Azocine
- Names: Preferred IUPAC name (3Z,5Z,7Z)-Azocine

Identifiers
- CAS Number: 292-65-9;
- 3D model (JSmol): Interactive image;
- ChemSpider: 4953946;
- PubChem CID: 6451481;
- CompTox Dashboard (EPA): DTXSID201028847 ;

Properties
- Chemical formula: C_{7}H_{7}N
- Molar mass: 105.140 g·mol^{−1}

= Azocine =

Azocine is a heterocyclic organic compound with the molecular formula C_{7}H_{7}N. It consists of an unsaturated eight-membered ring having seven carbon atoms, one nitrogen atom and four double bonds.

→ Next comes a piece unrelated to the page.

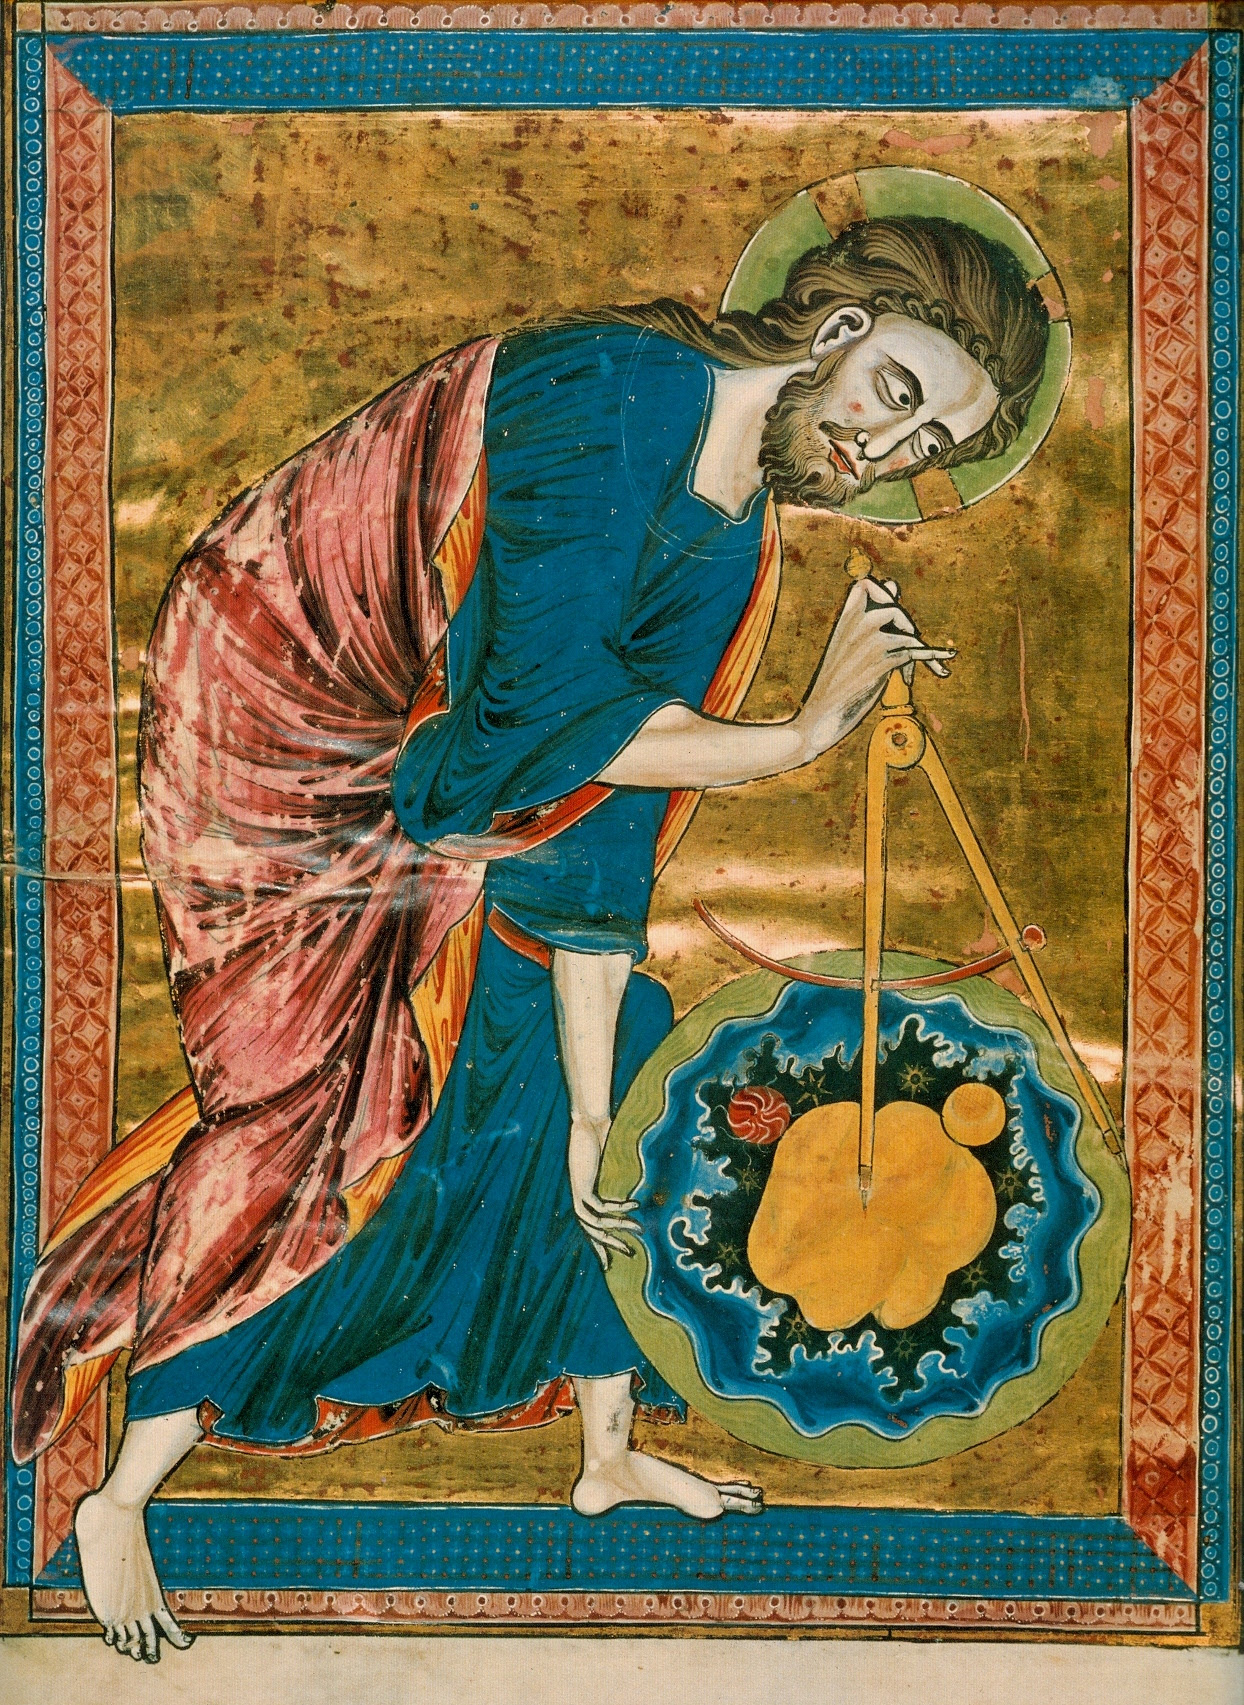 http://upload.wikimedia.org/wikipedia/commons/4/4d/God_the_Geometer.jpg

The parent compound is thermally unstable and polymerizes at −50 °C. It can be prepared temporarily through diazabasketene pyrolysis: a retro-Diels–Alder decomposition and subsequent hydrocyanic acid elimination.

Nakadomarin A

Nevertheless, azocine-type rings are found in many natural products. The potential antibiotic nakadomarin A, a manzamine-type marine alkaloid, contains a partially saturated azocine within its fused, hexacyclic ring system.

Saturated or partially saturated azocine rings also form the core structure defining the azocine opioid family. These include cyclazocine, pentazocine, and phenazocine.